Ramona also liked to sneer. She’d be scampering around, playing tag, shoving giggling children with a slight push of her hooves, and abruptly turn her head to me, the white of her eyes flashing over her purpled skin, her mud-dirtied teeth enveloping the rest of her face as her lips curled.
I never smiled back.
My seventh summer in the ranch, a rusty nail pierced through the skin of my shoulder when I tripped and skinned my arm against the wooden door of the outhouse. After I unknowingly yanked it out, I finished peeing and shambled out of the outhouse to creep under the shade of my honey mesquite tree. Out of shock from the fall, I felt no pain. I had not noticed the wound or the blood dripping down my arm until I felt a finger pressing down on it, slightly burying itself into the hole. I let out a faint gasp, not even able to find my voice in that moment of searing pain, when a grinning Ramona appeared from behind me. I followed her eyes and glanced down at my arm, suddenly becoming aware of the texture, the breath, the sense of my body. A tiny, but chunky flap of flesh dangled off of the opening where the (or Ramona’s?) nail had dragged through the skin. Ramona did not look as menacing as usual as she stared at my open wound, but I could see her yellow throat constricting and throbbing as it suppressed something under its folds of flesh. Her stinger sent some leaves floating above our heads as it brushed softly against the branches of my tree. The fear consumed me as I watched Ramona suppressing laughter, or a yell, or a plea for help, I didn’t know. After a second, I succumbed to my fright and fled into the house.
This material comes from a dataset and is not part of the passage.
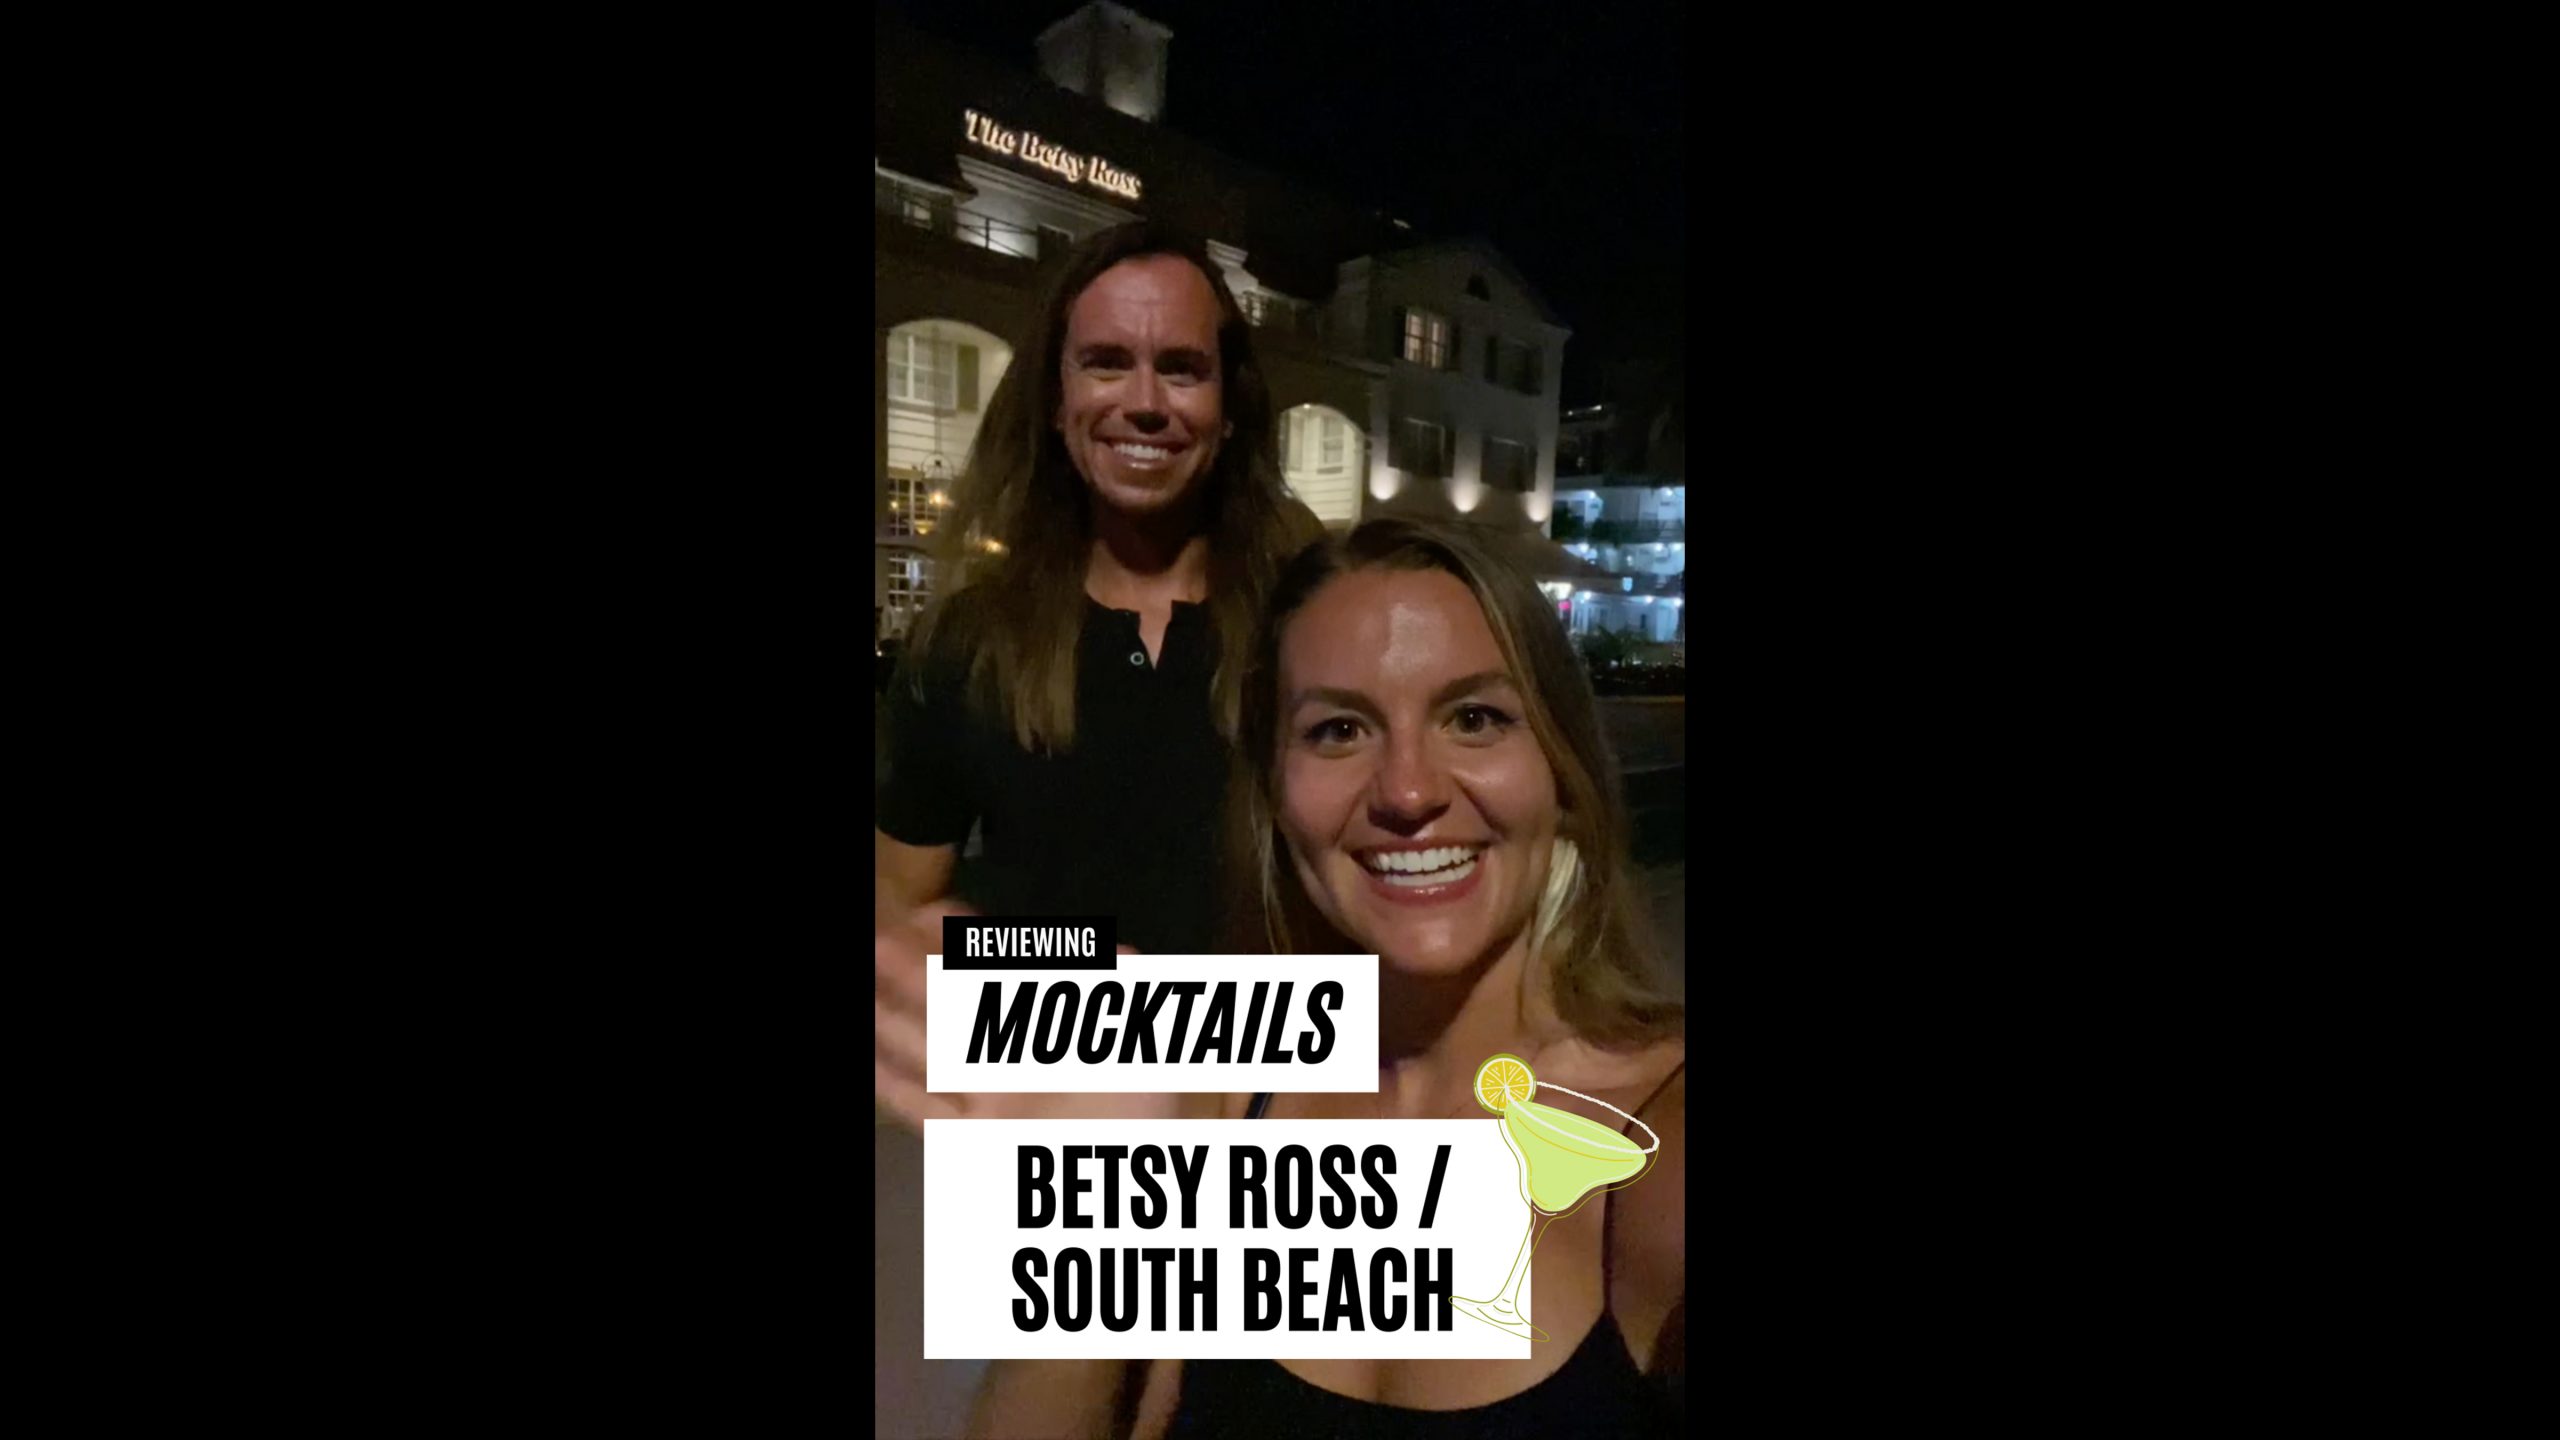 South Beach Mocktail Reviews (Part 1): Betsy Ross Hotel
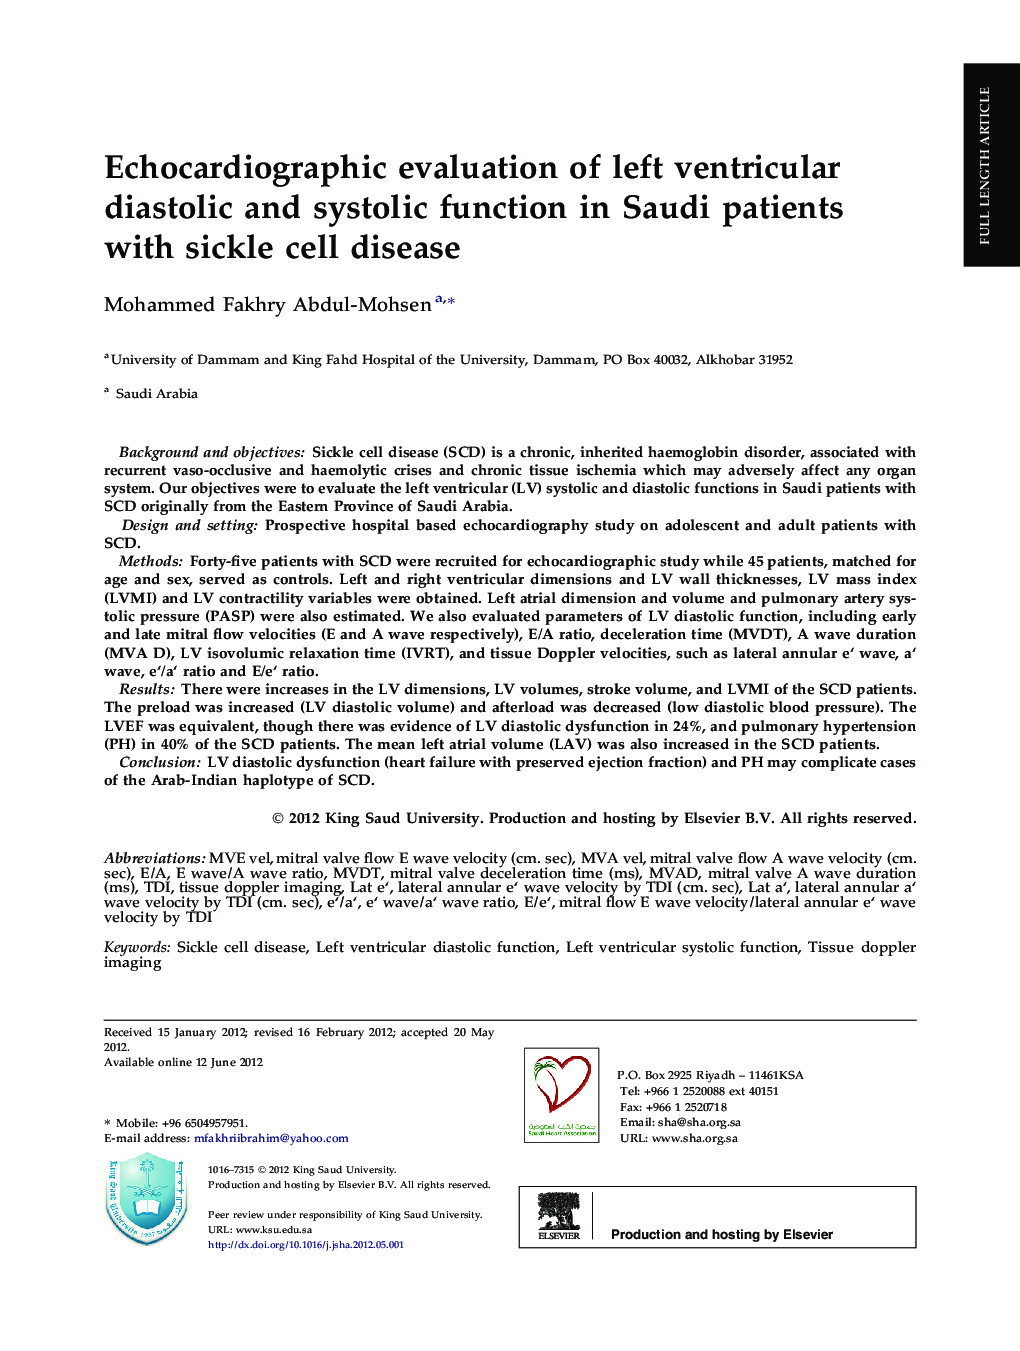 Echocardiographic evaluation of left ventricular diastolic and systolic function in Saudi patients with sickle cell disease

Two years later, I witnessed blood again. The children had wandered off into the animal enclosures and I had followed suit, a few yards behind, not seeing Ramona but expecting her to be leading the pack as usual. When the crowd of children drifted apart as they scuttled among the animals, Ramona was nowhere to be seen. I turned away, instantly uninterested, only to catch her squatting alone, her underwear around her ankles, when I crossed the side of the shack. Part of me felt compelled to turn away and break our gaze out of shame, before I noticed the red dribble flowing from between her legs. She stretched out a smile, and for the first time in all of our years as cousins, spoke to me:
“Hey.” She lifted a hand smeared with blood. “Look.”
Her monstrous self became more poignant our eleventh year. Everything had seemed common up until the point when the kids were called inside for supper, the smell of pozole thick in the air. Instinctively, I followed the others scampering into the house from the rear end, when I noticed Ramona facing away from us near the outhouse that stood rather far from the house. She was talking to something behind it, something taller than her. Her shoulders were squared as she craned her neck upwards, and I could see the side of her cheek lifting and lowering rapidly as she spoke. Her stinger coiled behind her warily. I could hear the goats stirring in their enclosure and the bustle of life inside the house, but I could not hear her. When Ramona turned, her gaze landed on me, impervious and unafraid, a glint of concern in her dark, furrowed forehead. She looked like a child.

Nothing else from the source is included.